The size of the unit you’ll rent depends largely on the number of items you wish to store. For example, if you only have a few boxes of old possessions, a small to mid-sized storage locker should prove more than adequate. However, if you could fill an entire room with your old stuff, a larger locker may be the way to go. Furthermore, if you have any vehicles you wish to store, look for storage facilities that provide appropriately-sized units. Whether it’s a car, motorcycle or boat you’re looking to store, you should have no problem finding cheap storage units that meet your needs.
Friends and Family Members
If you currently lack the financial resources for renting out a storage unit, consider reaching out to close friends or family members who have storage space to spare. For instance, if a friend or relative has an enormous basement, attic or garage, there’s no harm in enquiring about storing some things there. Just make sure that this is someone with whom you’re close, as making this request of a casual acquaintance, coworker or neighbor is liable to come across as strange or presumptuous.
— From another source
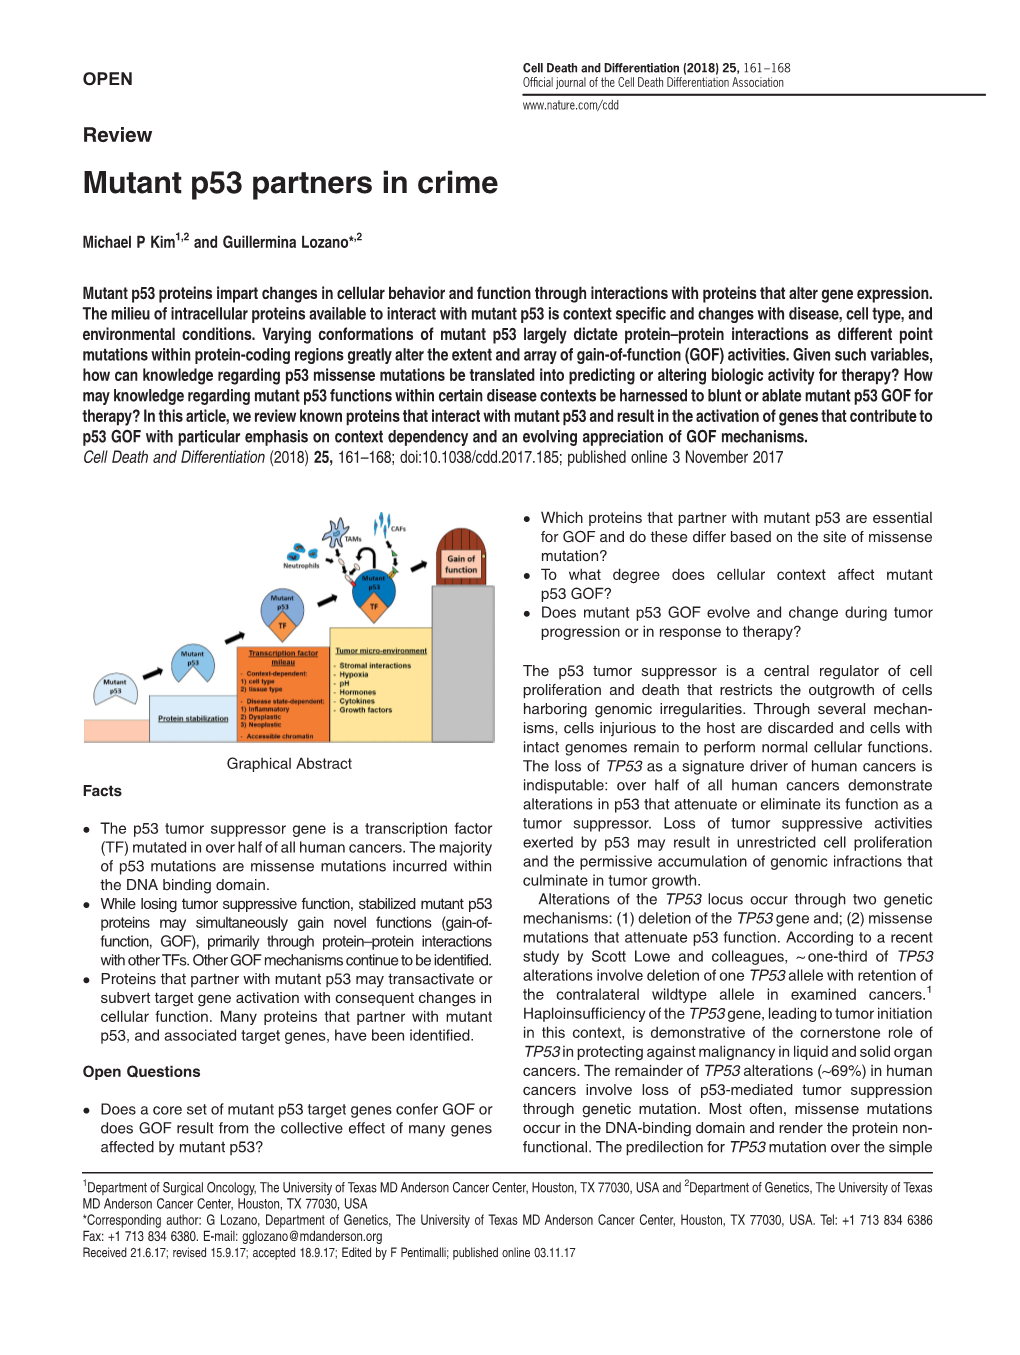 Mutant P53 Partners in Crime

Additionally, if this person agrees, it couldn’t hurt to offer this person a little bit of money for their troubles.
Of course, the downside to this type of arrangement is that there isn’t much you can do if any of your items become lost, damaged or outright broken while in the other party’s possession. This person was doing you a favor by agreeing to store your excess belongings, and if they’re doing so free of charge, your right to complain about unfavorable storage conditions is extremely limited. So unless the party in question is someone whom you trust implicitly, finding an alternative storage solution may be the best course of action.
Residential Storage Areas
If you’re moving to a condo or apartment complex, you may be able to take advantage of onsite storage solutions. Many apartment buildings provide residents with designated storage areas, although the use of these areas isn’t always free. Certain buildings allot each resident a specific amount of basement-based storage space, while others rent onsite storage units to tenants. The monthly fees vary from place to place, but most buildings won’t charge you more than $100 for your own storage unit. Depending on how much stuff you intend to keep in storage, this may represent an incredible bargain. Additionally, some complexes allow residents to rent miniature garages, which can prove useful for both storing vehicles and keeping your possessions safe.
When it comes to living space, bigger isn’t always necessarily better. As a growing number of Americans are discovering, there are numerous perks associated with downsizing. In addition to coming with smaller rents, mortgages and property taxes, smaller homes essentially force people to be mindful of their clutter. Since smaller residences contain less free space, people have to carefully consider each purchase they make and question whether it’s something they truly want in their home. Needless to say, this can be a bit of an adjustment for people who are accustomed to occupying larger living spaces. So if you’ll soon be downsizing, take care to consider the previously discussed storage options.